Task inputs =

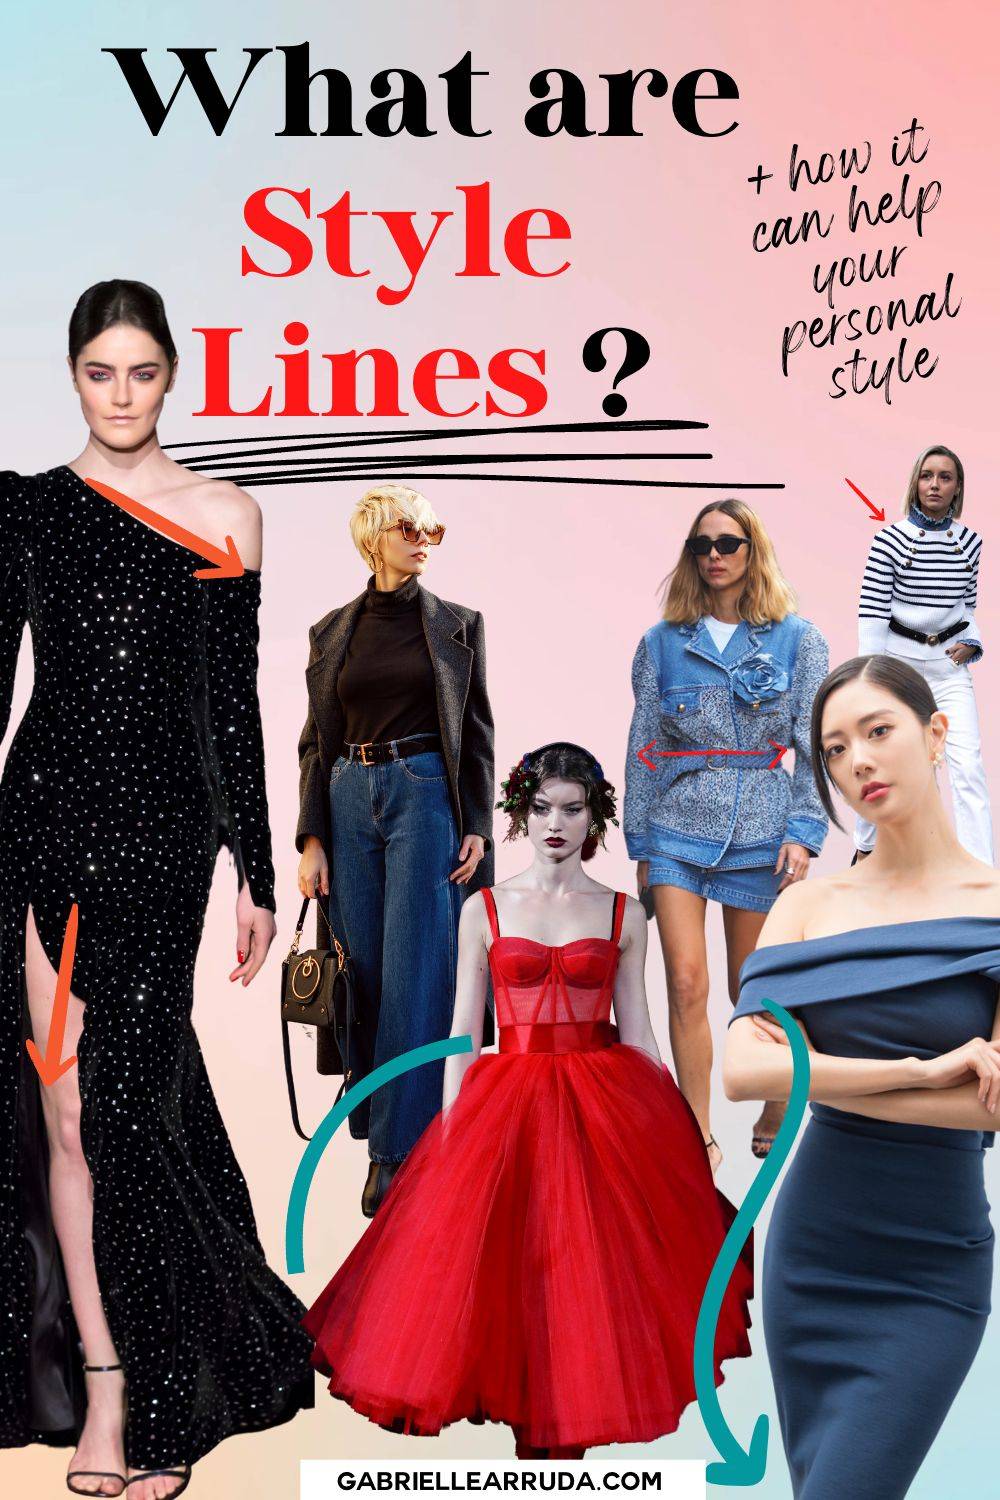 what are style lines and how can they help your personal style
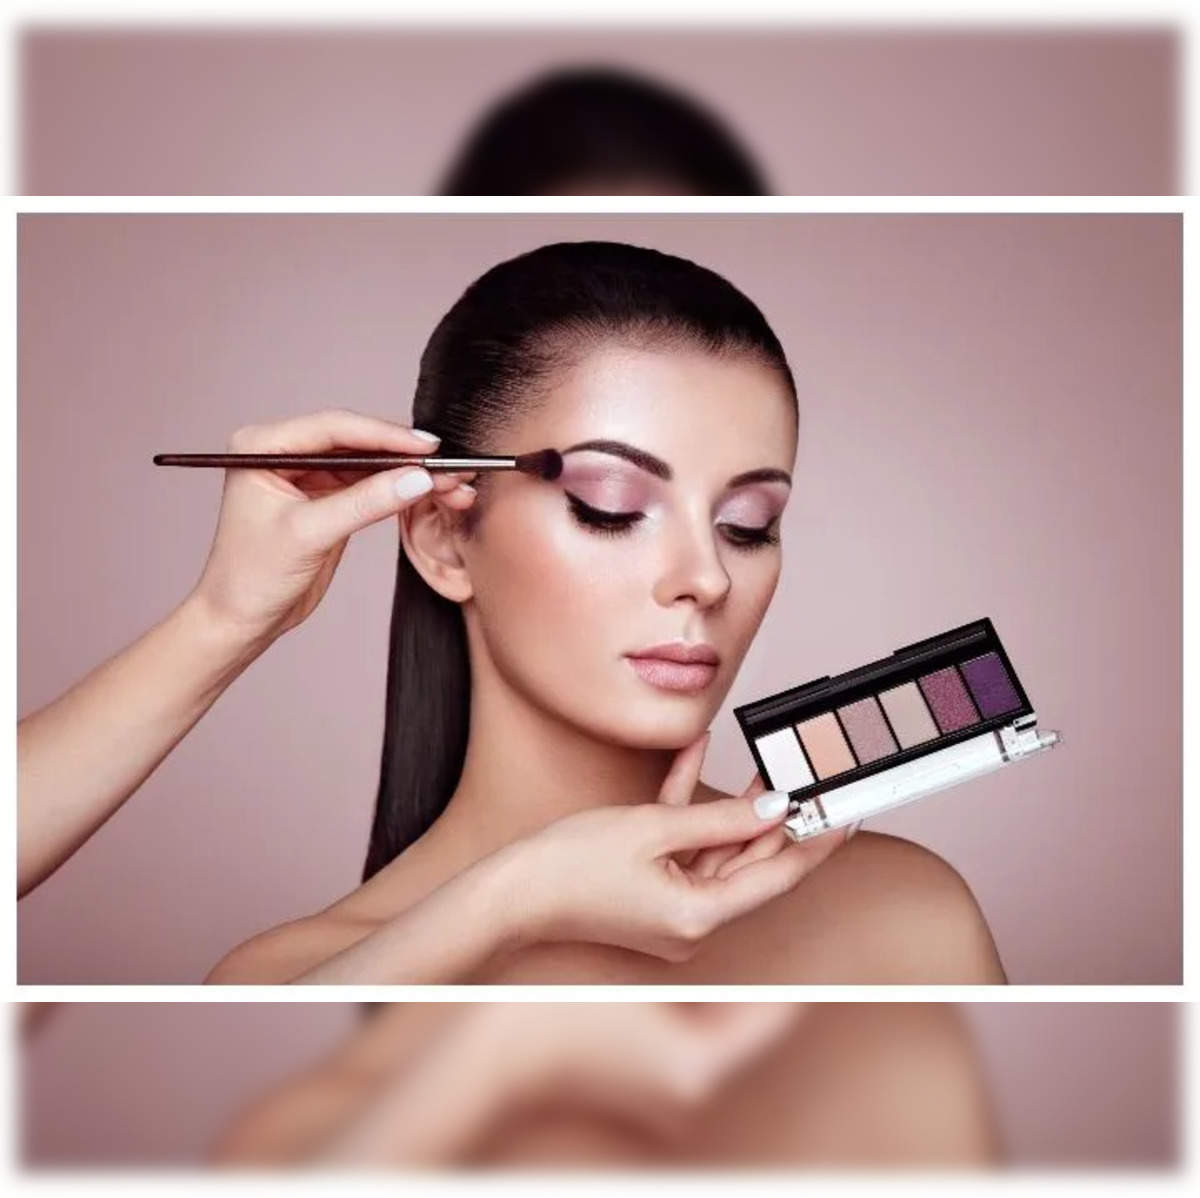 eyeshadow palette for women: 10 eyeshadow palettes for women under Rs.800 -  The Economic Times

==

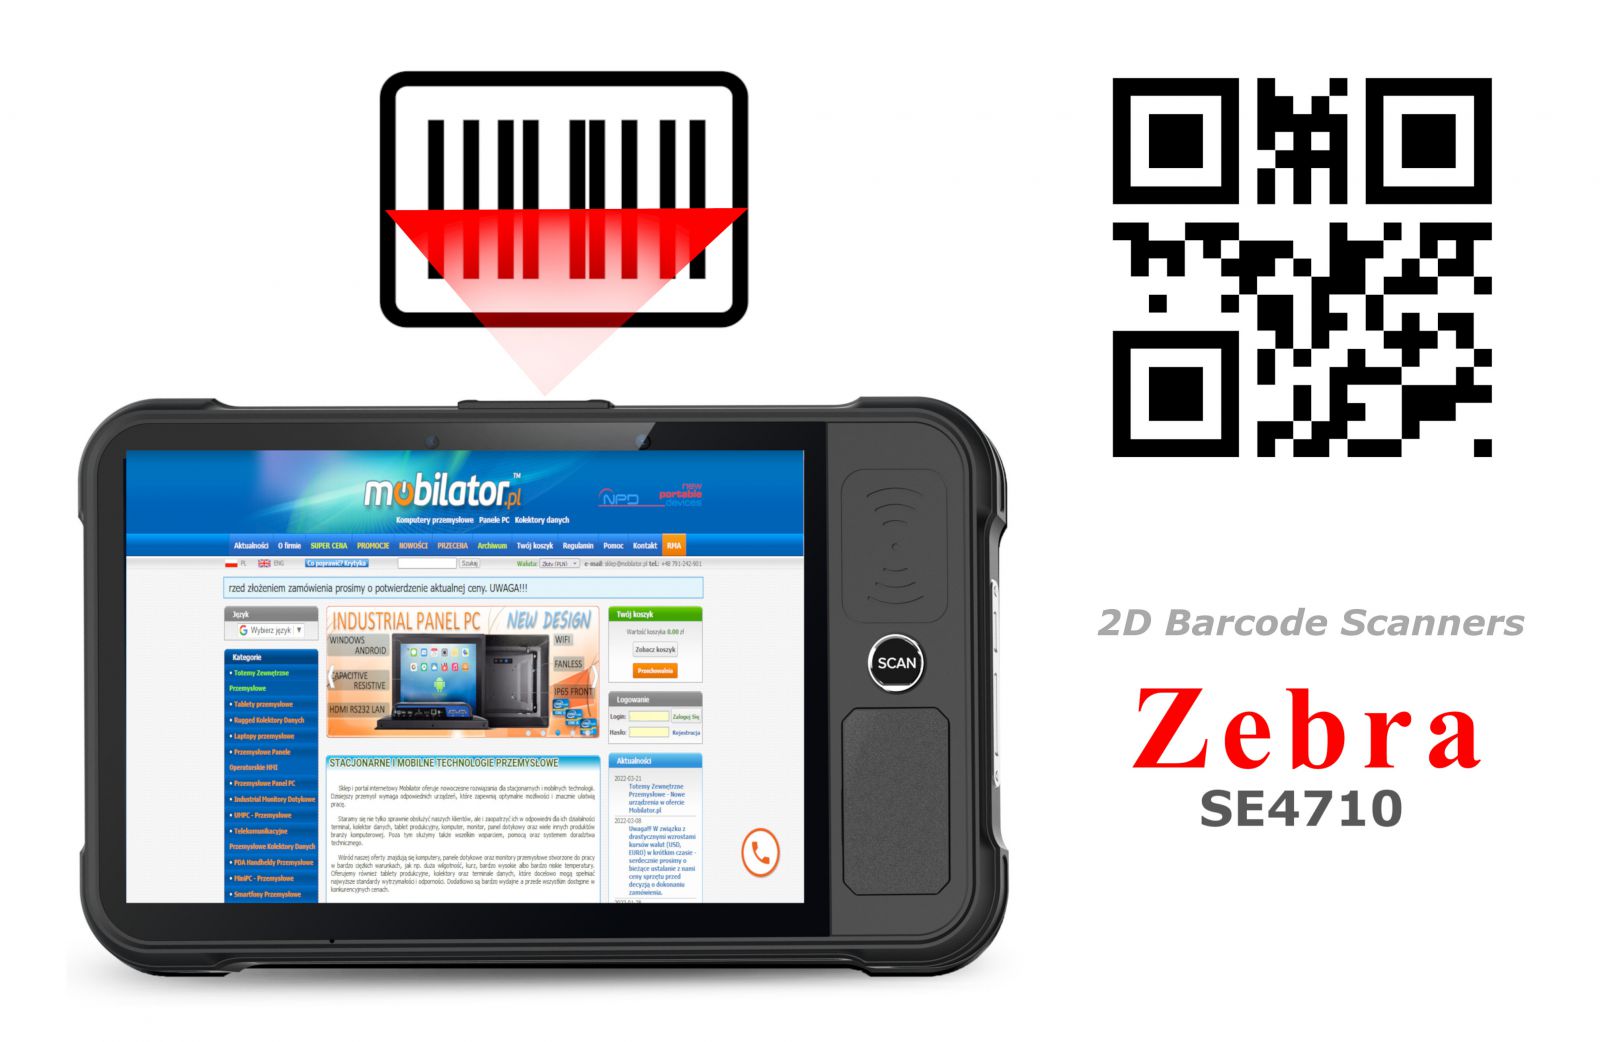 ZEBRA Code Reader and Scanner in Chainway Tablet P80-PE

Task to carry out =
Using the entries above, write out exactly the lines from the one with "what are style" through the one with "eyeshadow palette for", ends included. Leave out any pictures.

Task response =
 what are style lines and how can they help your personal style
 eyeshadow palette for women: 10 eyeshadow palettes for women under Rs.800 -  The Economic Times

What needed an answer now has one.